19th United States Maritime Administrator
- In office August 8, 2017 – January 11, 2021
- President: Donald Trump
- Preceded by: Chip Jaenichen
- Succeeded by: Ann C. Phillips

Personal details
- Born: Mark Howard Buzby October 6, 1956 (age 69) Atlantic City, New Jersey, U.S.
- Education: United States Merchant Marine Academy (BS) Naval War College (MS) Salve Regina University (MA)

Military service
- Allegiance: United States
- Branch/service: United States Navy
- Years of service: 1979–2013
- Rank: Rear Admiral
- Commands: Deputy director, expeditionary warfare, N85B, Office of the Chief of Naval Operations Commander, Joint Task Force Guantanamo (2007-03-29 — 2008-01-11) Deputy Director, U.S. Fleet Forces Command (2008-01-11 — unknown) Commander, Military Sealift Command (2009-10-16 — 2013-05-10)

= Mark H. Buzby =

American admiral (born 1956)

Mark Howard Buzby (born October 6, 1956) is a retired United States Navy rear admiral who served as the Administrator of the United States Maritime Administration.
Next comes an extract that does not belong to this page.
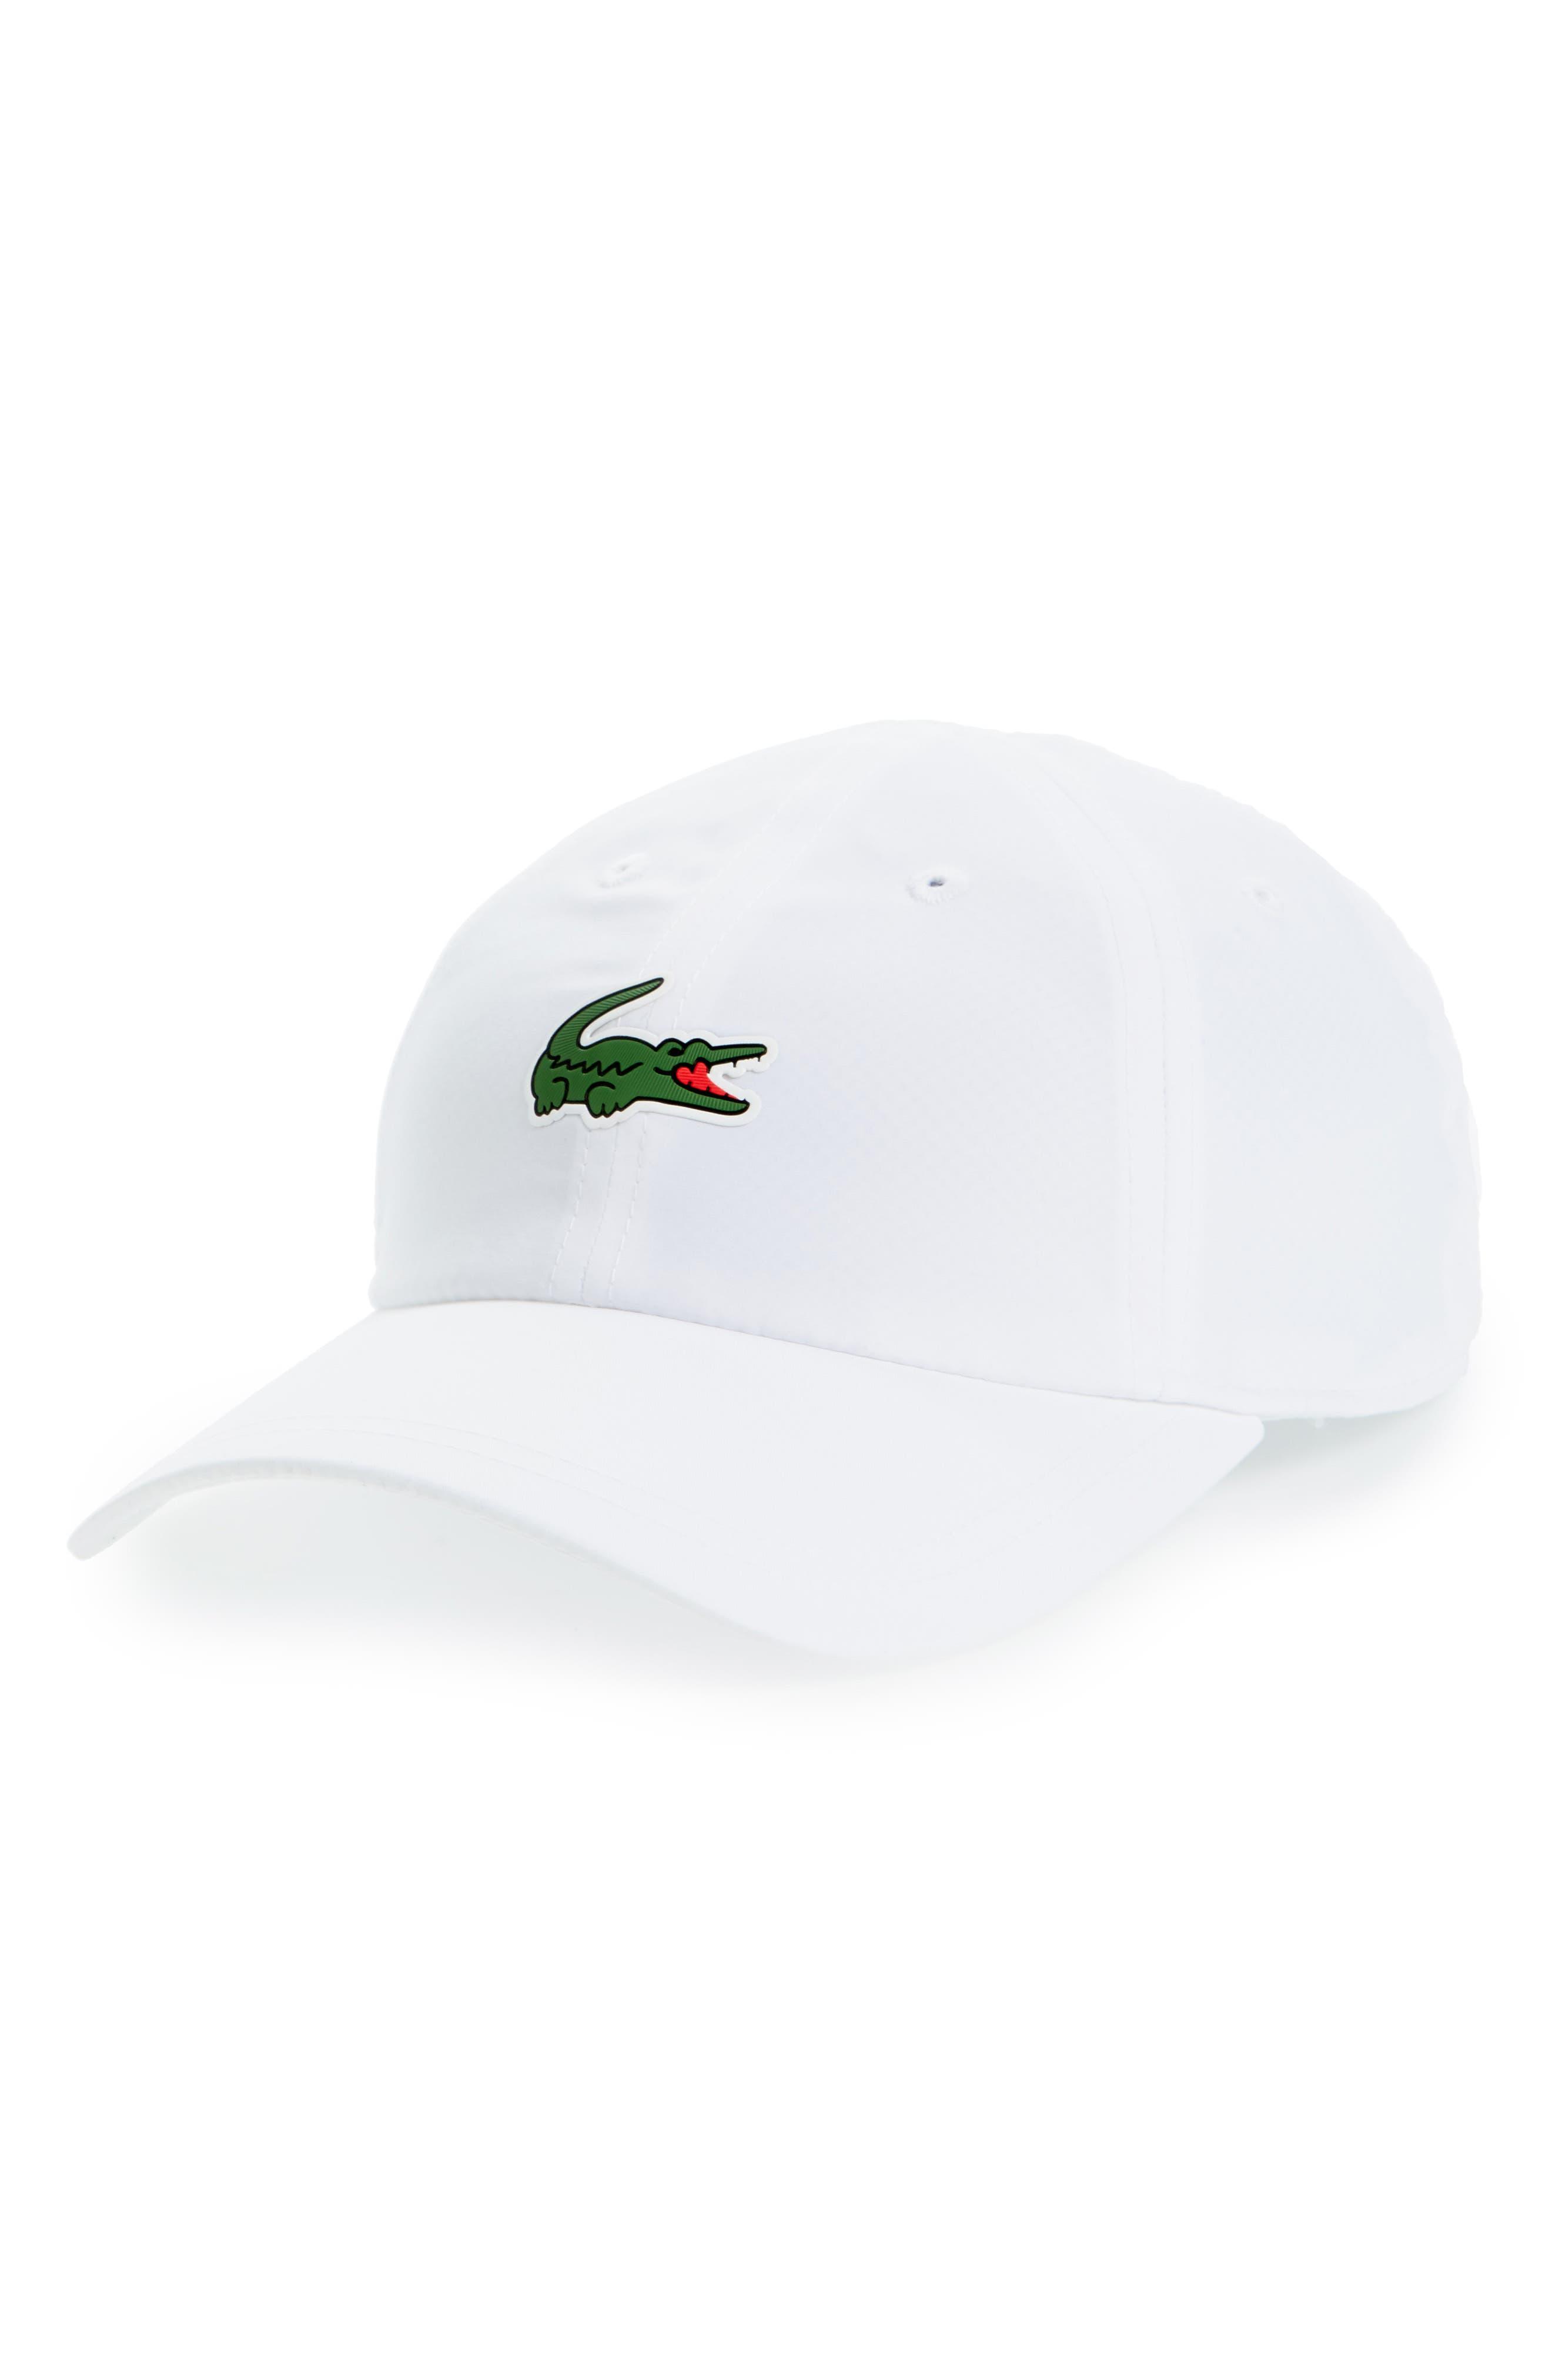 Lacoste Sport Croc Cap - White  b12c64b31194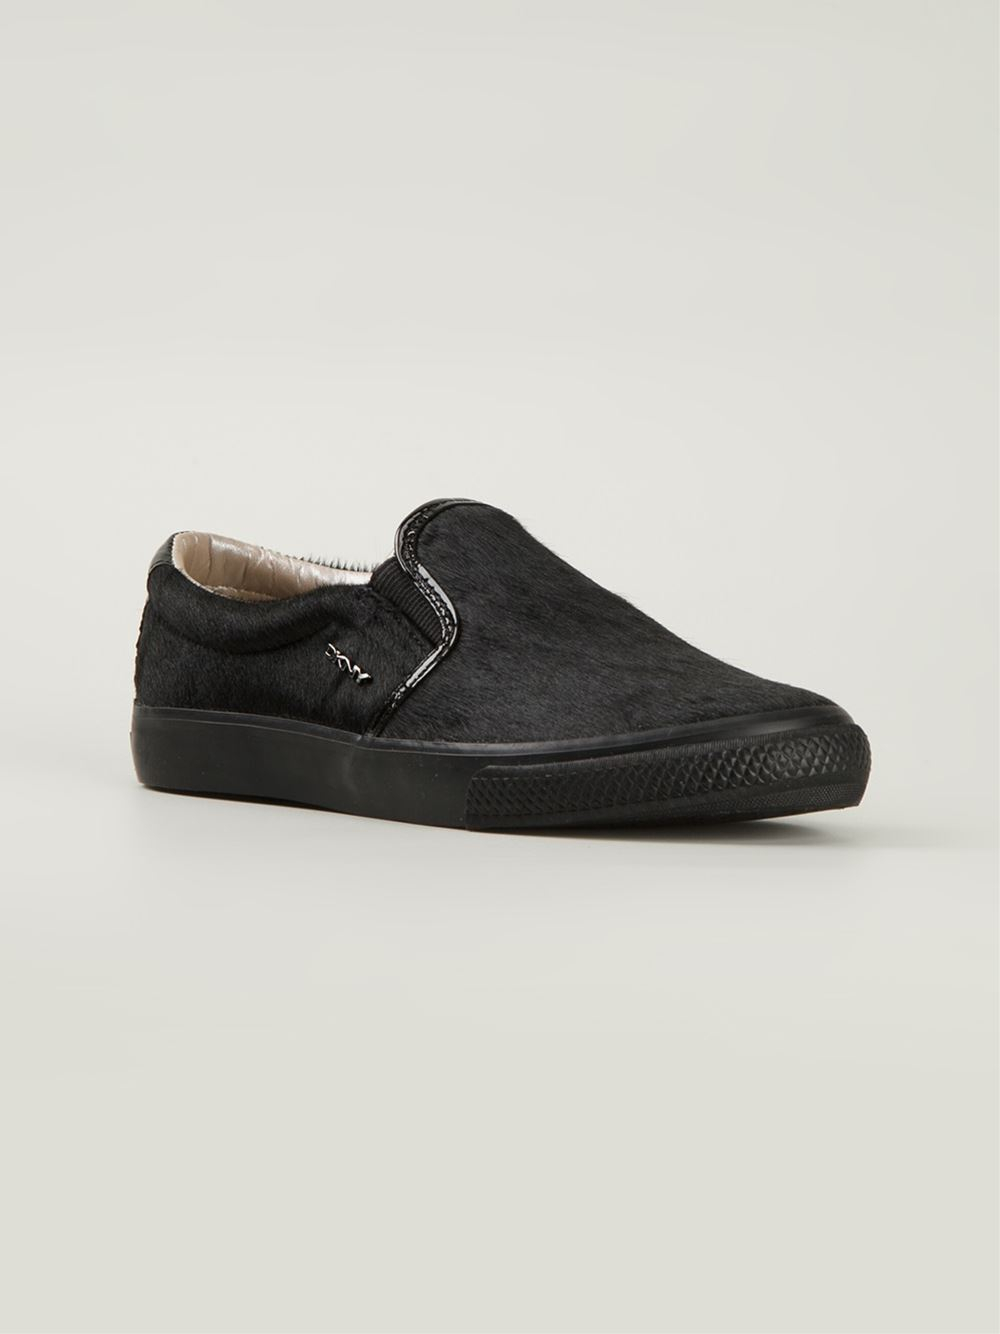 Lyst Dkny Slip On Sneakers In Black

He retired from the Navy in 2013 and joined Carnival Cruise Line's Safety & Reliability Review Board. Buzby was nominated to be MARAD Administrator in June 2017 by President Donald Trump, and confirmed to the position by the United States Senate on August 3, 2017. He resigned from the post on January 11, 2021, along with Secretary of Transportation Elaine Chao, to protest the 2021 United States Capitol attack.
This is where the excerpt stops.